We're going to work with morphological data from Galapagos finches, which is available from BIRDD: Beagle Investigation Return with Darwinian Data at http://bioquest.org/birdd/morph.php. It is originally from Sato et al. 2000 Mol. Biol. Evol. http://mbe.oxfordjournals.org/content/18/3/299.full.
First, load the plyr package:
library(plyr)
I've taken the data and cleaned it up a bit for this exercise. I've removed some columns and made the column names lower case. I've also removed all but one island. You can do that with this code:
morph <- read.csv("Morph_for_Sato.csv")
names(morph) <- tolower(names(morph)) # make columns names lowercase
morph <- subset(morph, islandid == "Flor_Chrl") # take only one island
morph <- morph[, c("taxonorig", "sex", "wingl", "beakh", "ubeakl")] # only keep these columns
morph <- rename(morph, c(taxonorig = "taxon")) # rename() is part of plyr
morph_orig <- morph # keep a copy with NAs for some more advanced exercises
morph <- data.frame(na.omit(morph)) # remove all rows with any NAs to make this simple
morph$taxon <- factor(morph$taxon) # remove extra remaining factor levels
morph$sex <- factor(morph$sex) # remove extra remaining factor levels
row.names(morph) <- NULL # tidy up the row names
Take a look at the data. There are columns for taxon, sex, wing length, beak height, and upper beak length:
head(morph)
str(morph)
Let's calculate the mean wing length for each taxon:
ddply(morph, "taxon", summarize, mean_wingl = mean(wingl))
## taxon mean_wingl
## 1 Camarhynchus parvulus 62.96
## 2 Camarhynchus pauper 69.15
## 3 Camarhynchus psittacula 69.58
## 4 Geospiza fortis 70.78
## 5 Geospiza fortis 72.30
## 6 Geospiza fortis fortis 69.39
## 7 Geospiza fuliginosa 62.20
## 8 Geospiza fuliginosa parvula 61.14
## 9 Geospiza magnirostris 75.50
## 10 Geospiza paupera 69.50
## 11 Geospiza prosthemelas prosthemelas 60.62
## 12 Geospiza scandens 70.21
## 13 Geospiza scandens scandens 70.10
We can extend that syntax to multiple grouping columns and multiple summary columns. For example, calculate the mean and standard deviation of wing length for each taxon-sex combination:
ddply(morph, c("taxon", "sex"), summarize, mean_wingl = mean(wingl), sd_wingl = sd(wingl))

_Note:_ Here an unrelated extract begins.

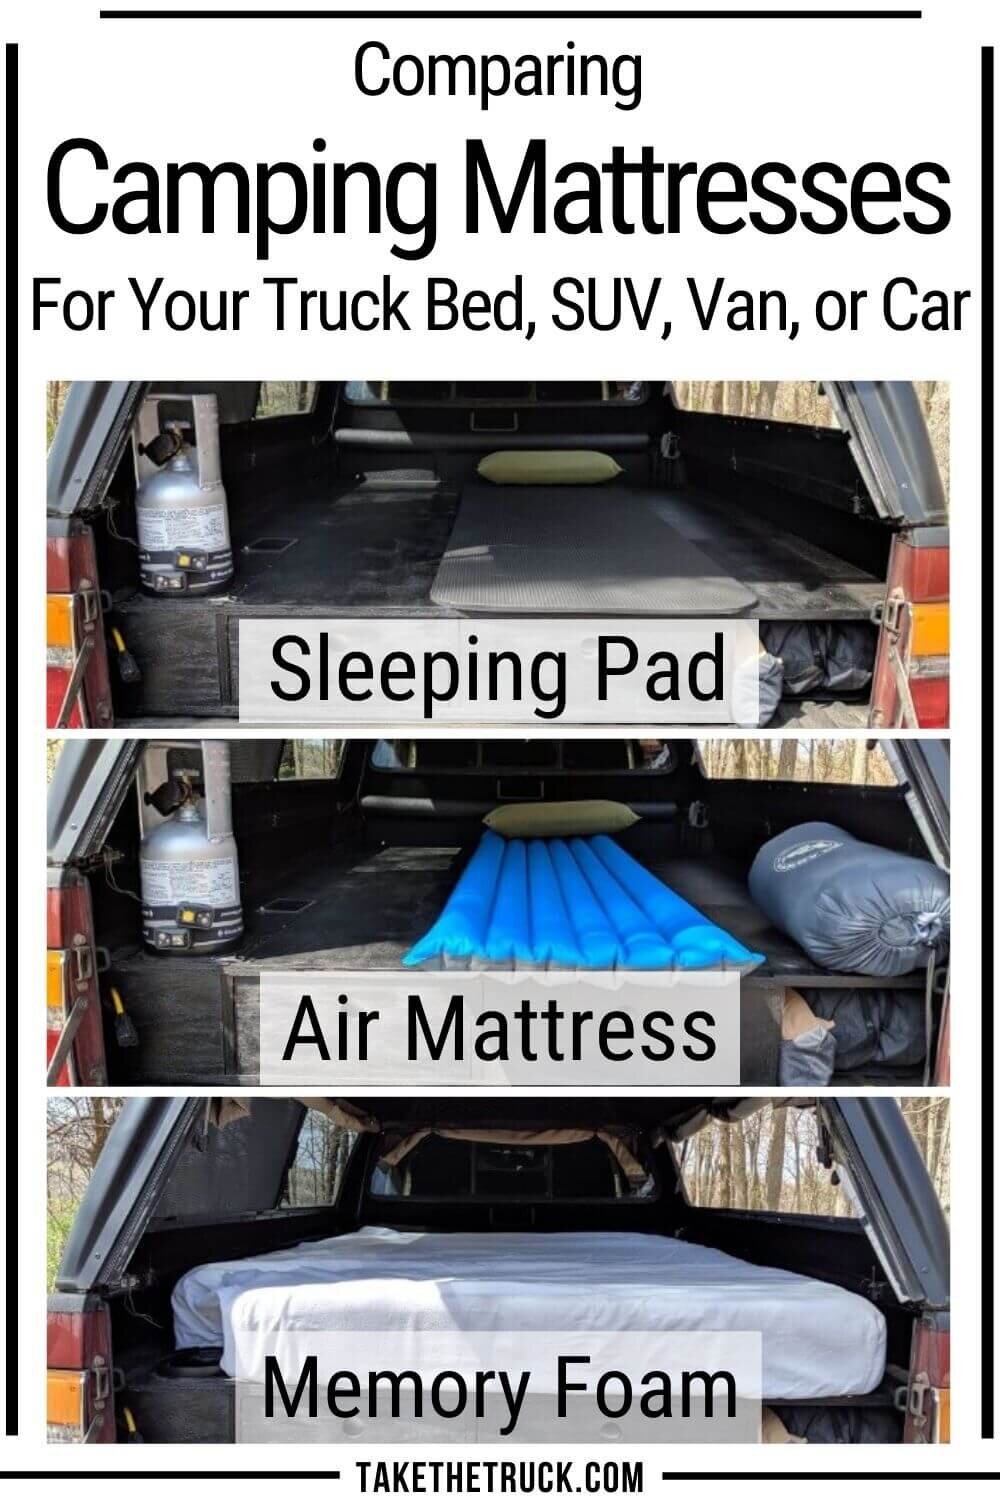 A great comparison of camping mattresses - camping air mattress, memory foam mattress, and sleeping pad as a truck bed mattress, minivan mattress, SUV mattress, or car mattress.

## taxon sex mean_wingl sd_wingl
## 1 Camarhynchus parvulus F 61.09 1.5930
## 2 Camarhynchus parvulus M 63.79 1.8717
## 3 Camarhynchus pauper F 68.21 1.8330
## 4 Camarhynchus pauper M 69.69 1.6763
## 5 Camarhynchus psittacula F 68.89 2.1473
## 6 Camarhynchus psittacula M 71.67 2.0817
## 7 Geospiza fortis F 68.47 2.1203
## 8 Geospiza fortis M 71.85 2.6861
## 9 Geospiza fortis M 72.30 2.6029
## 10 Geospiza fortis fortis F 68.80 2.7749
## 11 Geospiza fortis fortis M 70.12 2.0156
## 12 Geospiza fuliginosa F 61.18 1.2392
## 13 Geospiza fuliginosa M 63.19 1.8868
## 14 Geospiza fuliginosa parvula F 60.40 1.1402
## 15 Geospiza fuliginosa parvula M 63.00 1.4142
## 16 Geospiza magnirostris M 75.50 3.5355
## 17 Geospiza paupera M 69.50 0.7071
## 18 Geospiza prosthemelas prosthemelas F 59.25 1.0607
## 19 Geospiza prosthemelas prosthemelas M 62.00 0.0000
## 20 Geospiza scandens F 68.17 1.6272
## 21 Geospiza scandens M 70.93 1.8792
## 22 Geospiza scandens scandens F 69.00 2.8284
## 23 Geospiza scandens scandens M 70.83 1.4434
We can, of course, do much more than just take means and variances! The cor()
function computes the correlation between two vectors of numbers. If you're not familiar with the cor()
function, first bring up the help file with ?cor
. Then, on your own, try calculating the correlation between wing length and beak height for each taxon.
ddply(morph, "taxon", summarize, r = cor(wingl, beakh))
## taxon r
## 1 Camarhynchus parvulus 0.2775
## 2 Camarhynchus pauper 0.2900
## 3 Camarhynchus psittacula 0.5488
## 4 Geospiza fortis 0.6931
## 5 Geospiza fortis 0.8110
## 6 Geospiza fortis fortis 0.3891
## 7 Geospiza fuliginosa 0.4375
## 8 Geospiza fuliginosa parvula 0.4779
## 9 Geospiza magnirostris 1.0000
## 10 Geospiza paupera -1.0000
## 11 Geospiza prosthemelas prosthemelas 0.8087
## 12 Geospiza scandens 0.5179
## 13 Geospiza scandens scandens 0.9440
It's always good to plot the data to understand what's going on. Although this is outside of today's scope, we can do that quickly with ggplot2 like this:
library(ggplot2)
## Loading required package: methods
ggplot(morph, aes(beakh, wingl)) + geom_point(aes(colour = sex)) + facet_wrap(~taxon)
OK, now let's try using the transform()
function with plyr. Whereas summarize condenses each chunk of data into a single value, transform()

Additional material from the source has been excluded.